Ya faltaban dos horas para el almuerzo y seguía
sintiéndome extraña y confusa.
Frank trataba de convencerme de que lo que me pasaba no
era nada malo, que era una suerte tener ese poder, pero seguía sintiéndome
diferente.
-Escúchame.
Ésta noche te voy a mostrar algo, pero debes prometer que jamás se te escapará
una sola letra de lo que verás- dijo Frank
-Lo
prometo-
En las dos horas
que faltaban, me quedé hablando con Frank sobre todos los sueños que había
tenido hasta el momento. Escuchaba cada palabra de lo que decía y su interés
creció. No creía que fuera diferente, eso hacía que me sintiese común a los
demás, aun cuando no lo fuera. Mi mente
fue relajándose, mi tristeza fue disminuyendo segundo a segundo. Frank hizo que
viera éstos sueños como una clase de ayuda para los otros, que podría salvar
vidas como al muchacho que tenía que salvar a causa del sueño.
-Gracias-
le dije a Frank
-¿Por
qué?-
-Por
hacerme ver de otra manera a lo que le temía-
-No hay
problema. Sabes que puedes contar conmigo para lo que quieras-
-¿Sabes
quién es el muchacho de la marca?-
-Sí,
pero no estoy seguro de que sea él. Hay varias personas que pueden tener ese
símbolo-
-¿Quién
es entonces? ¿Cómo lo identificará la bestia?-
-Él
sabrá- me dijo
Por fin la campana
del almuerzo sonó.
Al entrar al
comedor vi a Cady y Nicholas tomados de la mano en una mesa. Estaba muy feliz
por ellos. Todos lo estaban, con excepción del ex novio de ella. Su nombre era
James, un muchacho grande, morocho y de ojos marrones. No lo conocía mucho,
pero era un chico agradable y chistoso. Éste siempre estaba alrededor de otras
chicas de mi misma edad y de un año menor. Una de ellas se llamaba Caroline. Me
enteré por Frank que ella era su ex y que seguía sintiendo algo por él. Su pelo
era negro, ojos marrones y piel morena. Era no muy parecida a mí, pero algo en
ella no me gustaba. Se podría decir que era una muy mala persona. Le gustaba
molestar a otros, hacer que los novios de otras chicas fuesen detrás de ella
como locos. Quise ser su amiga para que no nos peleáramos más, pero era inútil,
ya que siempre me hacía enojar tratando de besar a Frank o cosas así.

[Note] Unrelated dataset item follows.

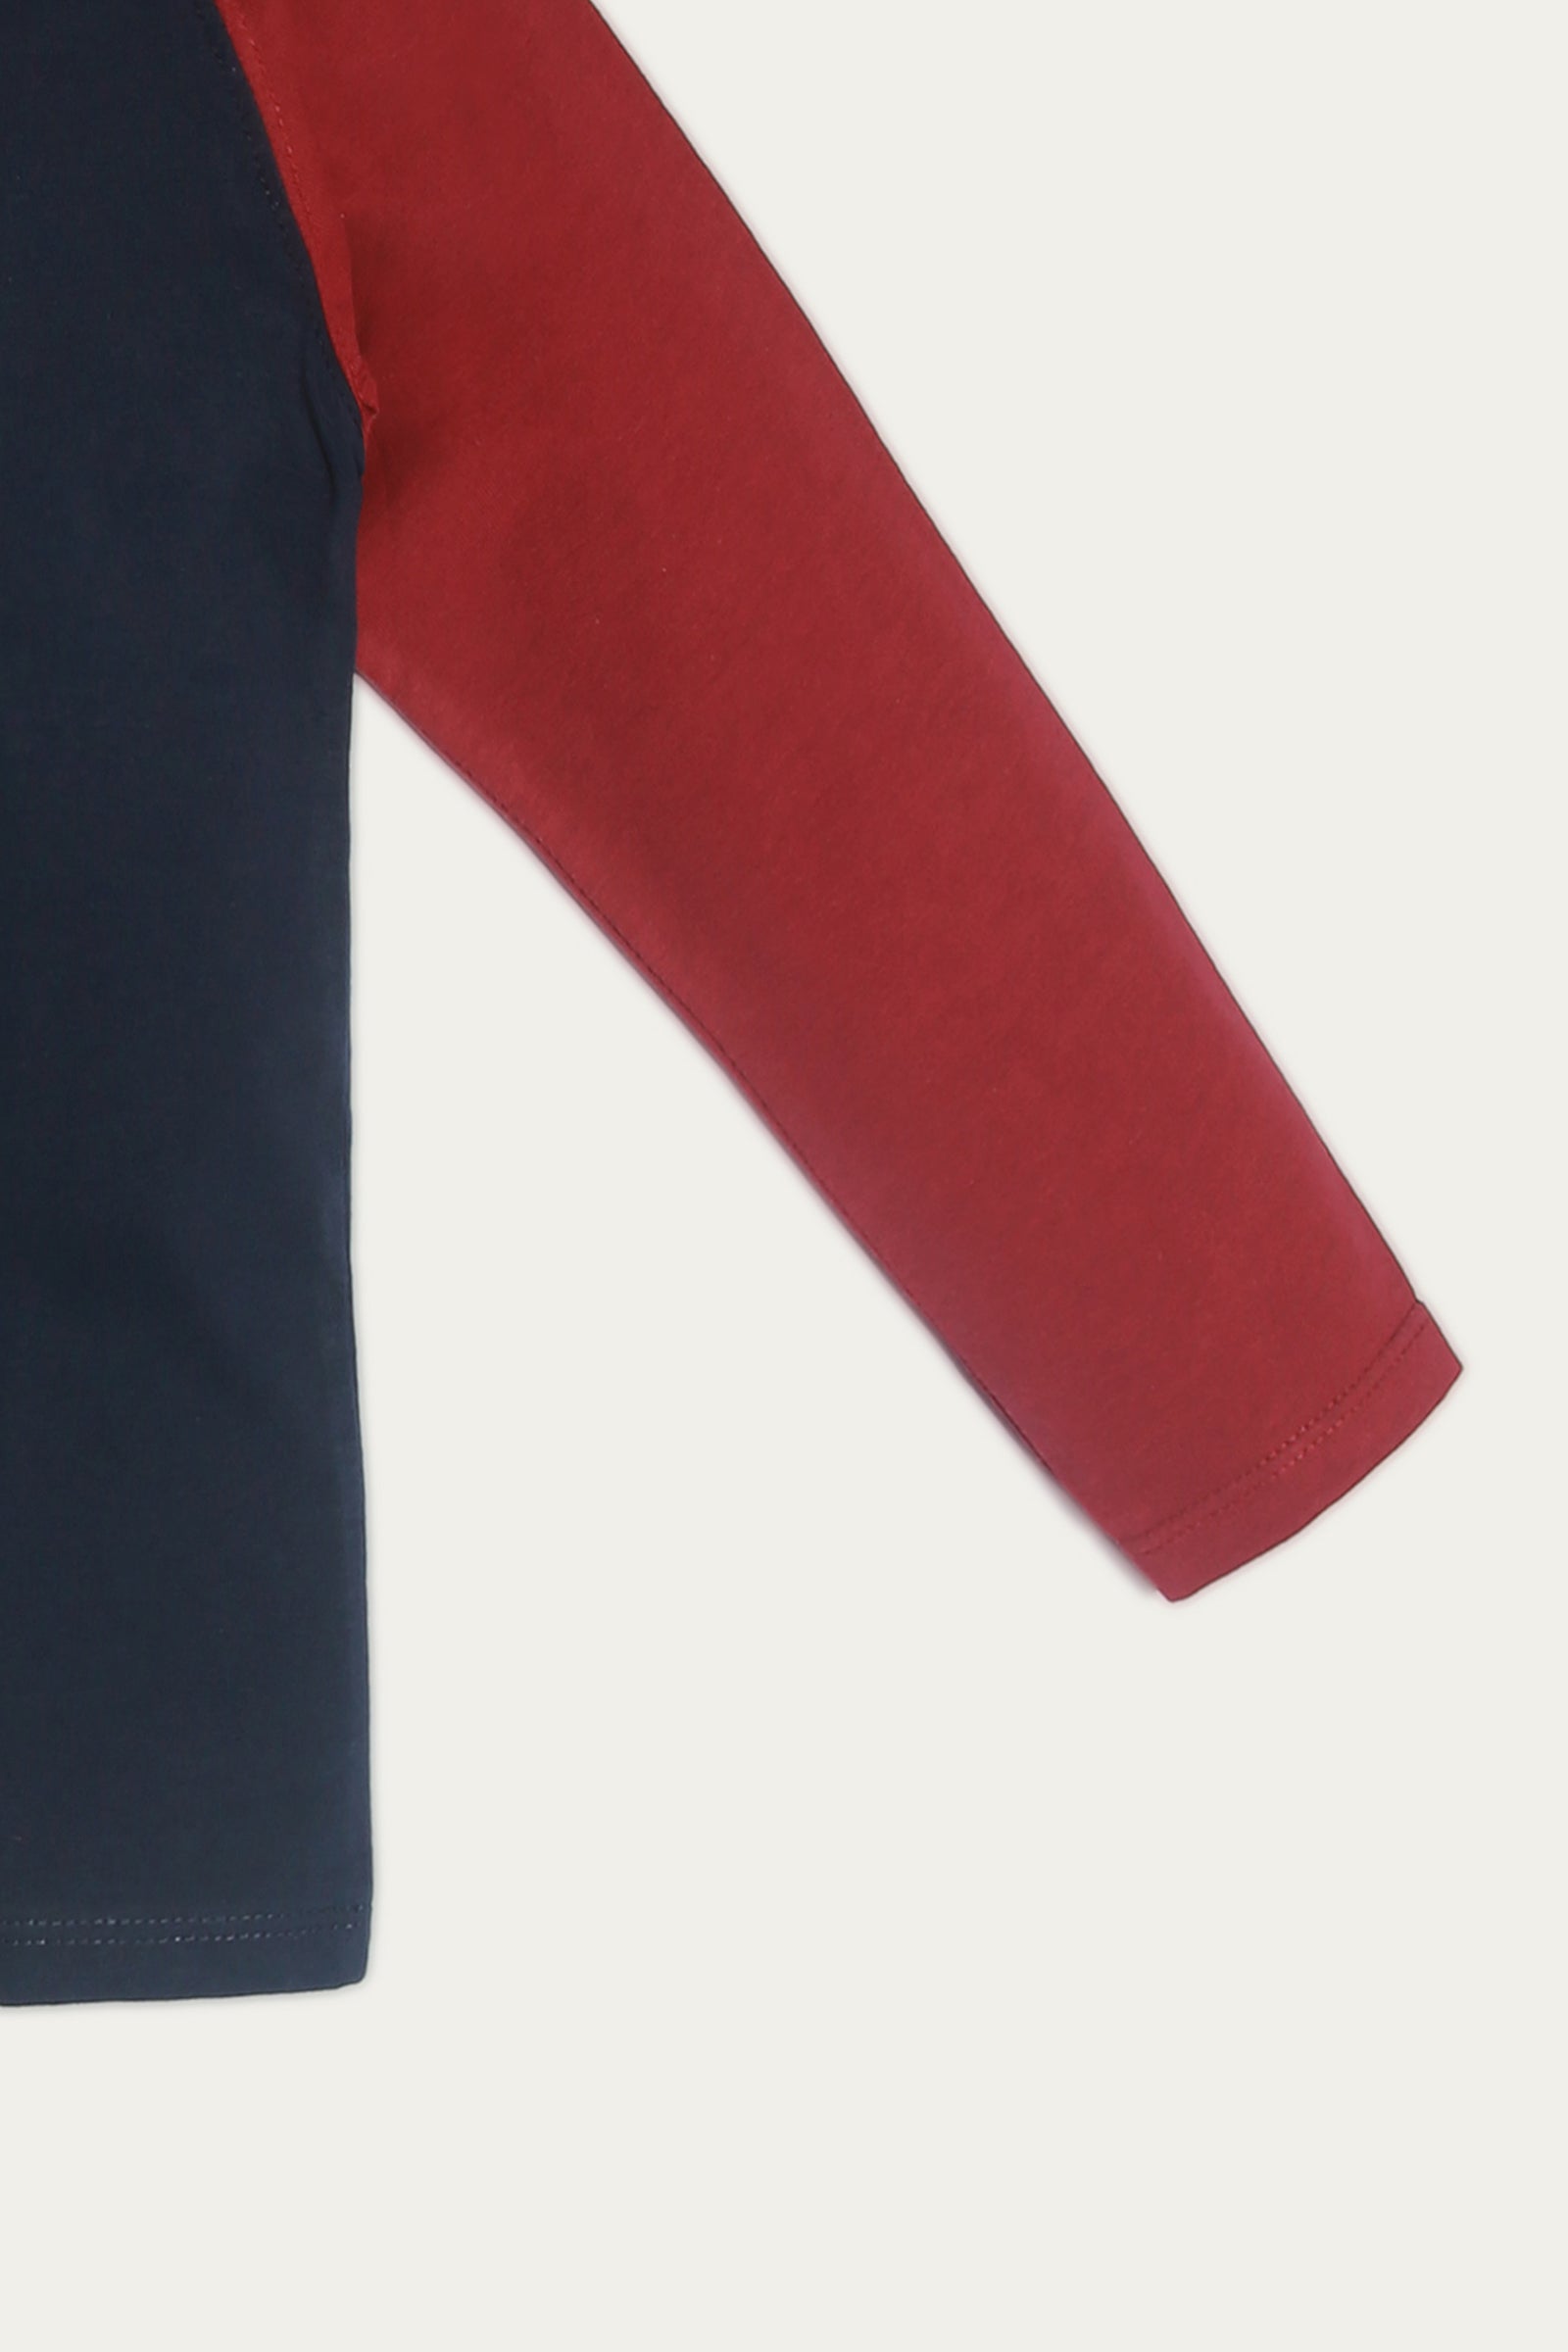 Long Sleeve Raglan shirt (MSBBR-05)

Lamentablemente ella sabía que a mí también me gustaba y quería provocarme
cuando se le acercaba. Tanta bronca me daba esa chica que dejé de soñar cosas
premonitorias y comencé a soñar que la mataba.
Al entrar al
comedor, Caroline nos vio. Se fue acercando. La había visto, pero no quería
problemas a la hora del almuerzo, y menos frente a Frank.
Yendo a la mesa de
comida, Caroline se paró frente a mí. Todos se callaron.
-Miren
quién está aquí. Una lunática- dijo. Sus seguidoras se rieron
-Escúchame
bien Caroline, deja de molestarme-
-Déjame
pensar- dejó tres segundos y contestó con una sonrisa- No-
-¿Por
qué no te vas a otro sitio a molestar, Caroline?- dijo Frank
-Si
quieres, te puedo molestar a ti- dijo mirándolo de los pies a la cabeza
mordiéndose el labio inferior
-No
molestarás a nadie- contesté. Me miró
-Eres
la última persona a quien dejaría de molestar, querida-
-Sé que
no quieres problemas aquí, así que búscalas en otra parte- estaba irritándome
-Vete,
Caroline- comentó Frank
-Solo
me iré porque tú lo dices, mi amor- besó a Frank el la mejilla. Me puse furiosa
y corrí hacia ella
-Déjala.
Solo quiere hacerte enojar- me detuvo poniendo sus brazos alrededor de mi
cintura
-Ya nos
volveremos a ver, lunática. Adiós, Franky- contestó Caroline. Se marchó
Furiosa dejé la
comida y me fui del comedor. Corriendo me dirigí al pequeño y bello jardín que tranquilizaba
mi furia. Frank corrió detrás de mí.
-Hey,
no te pongas así- me dijo
-¡¿Y
cómo quieres que me ponga?!- le contesté gritando- ¡Si esa loca está todo el
tiempo molestándome e irritándome!-
-Eso es
lo que quiere. No le des el gusto, Begg-
-El día
en que nadie lo sepa la voy a...-
-No
harás nada porque lo impediré. No quiero que te metas en problemas-dijo-¿Por
qué saltaste cuando me besó?-
-¡¿Y a
ti qué te importa?!-
-Sabes
que me importa mucho lo que sientes-
-Porque...eres
uno de mis mejores amigos y sé que esa Caroline no te agrada-
-Claro-
dijo con una sonrisa
¿Era posible que
algún día dejara de sonreír? Si seguía así algún día lo iba a matar. Es que no
podía ser más perfecto. Mis amigas solo decían que era lindo, pero que era un
inmaduro para su edad. A mí no me importaba si era maduro o inmaduro, lo que me
importaba era que me hacía reír. Para enamorarme debían hacer eso, y él lo
había conseguido.
La hora del
almuerzo había acabado y teníamos una salida escolar. Estaba muy emocionada. Un
día entero fuera del colegio con mis mejores amigos. Fue una lástima al
enterarme de que iría Caroline y sus fanáticas, o mejor dicho “el club del
Carolingitis”. Lo que más me emocionaba era que esa noche iba a ver a Frank. No
sabía en dónde, pero me quería decir algo muy importante.
Cuando salimos, una
de las profesoras del colegio nos acompaño, ya que la nuestra estaba muy
engripada. Íbamos a la ciudad. Que yo recordara jamás había ido a la ciudad,
así que estaba más emocionada todavía.
Subimos al micro
escolar. La profesora nos dijo que el viaje iba a durar tres horas.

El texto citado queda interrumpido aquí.